Putting you under that same dark spell is India Song, Marguerite Duras’ singular film about a diplomat wife, Anne-Marie Stretter, her affairs, and the ennui of an entire social class. While the circumstances are far from what I’ve described above, the void is the same. 

It’s 1930’s India, and the air swelters to a point where it causes a “slowness of the blood.” A darkened manor housing the French embassy sits quietly, and within, people glide ghost-like through halls filled with grand pianos, paintings, champagne flutes and silverware. But stepping through the French windows and into the opulence, you sense the curse about the place. A thin sheet of dust seems to rest on it all, and the decadently dressed diplomats and socialites don blank expressions that would appear death masks were it not for the mournful eyes that shine out with muted light. No words are spoken, but disembodied voices narrate, telling stories of Stretter’s exploits or commentating on the action unfolding on-screen with hushed voices, as if passing gossip behind cupped hands.

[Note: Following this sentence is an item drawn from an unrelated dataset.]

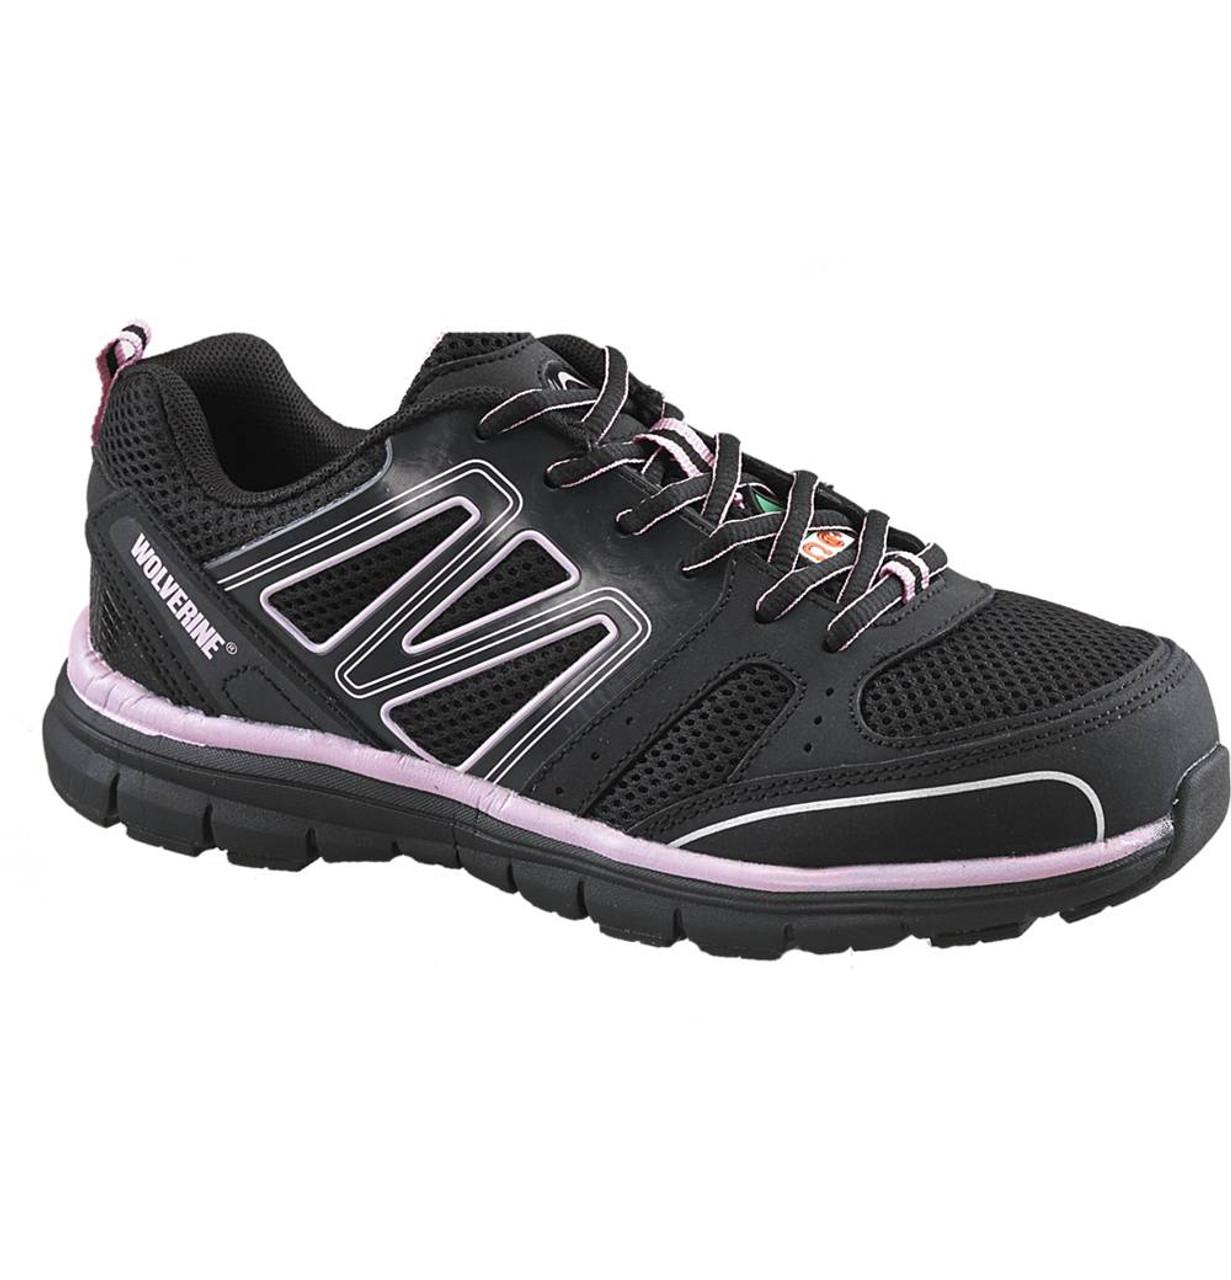 951cf71b653 Women's Wolverine Nimble CSA Safety Shoe

A plot of (not so) secret affairs and public freakouts might suggest tempestuous confrontations and passionate embraces, but not here. Instead, Duras’ treatment of languid movements, disaffected faces and subdued narration buries the film’s pulse deep beneath its still flesh. It makes India Song a dream-like experience, where you feel as if you’re watching someone’s misted recollection of those days, where minor details are brushed away to coax out the underlying emotions that roiled in the deep. 

It’s a deeply subjective rendering of these socialites, their parties and their vacuous lives, and Duras fatally seduces you through the dark allure of ruined glamour. It fills India Song with a profound sense of tragedy, as if to say the “leprosy of the heart” that Stretter is said to suffer is a fate far worse than death.

Duras is a filmmaker with a voice that’s entirely her own, and India Song’s evocative atmosphere of dead-end soul-death still stands alone all these decades later. It’ll catch you by surprise how something told so askew can land squarely in your heart, how something so delicate and sensuous can pull you under with inescapable gravity.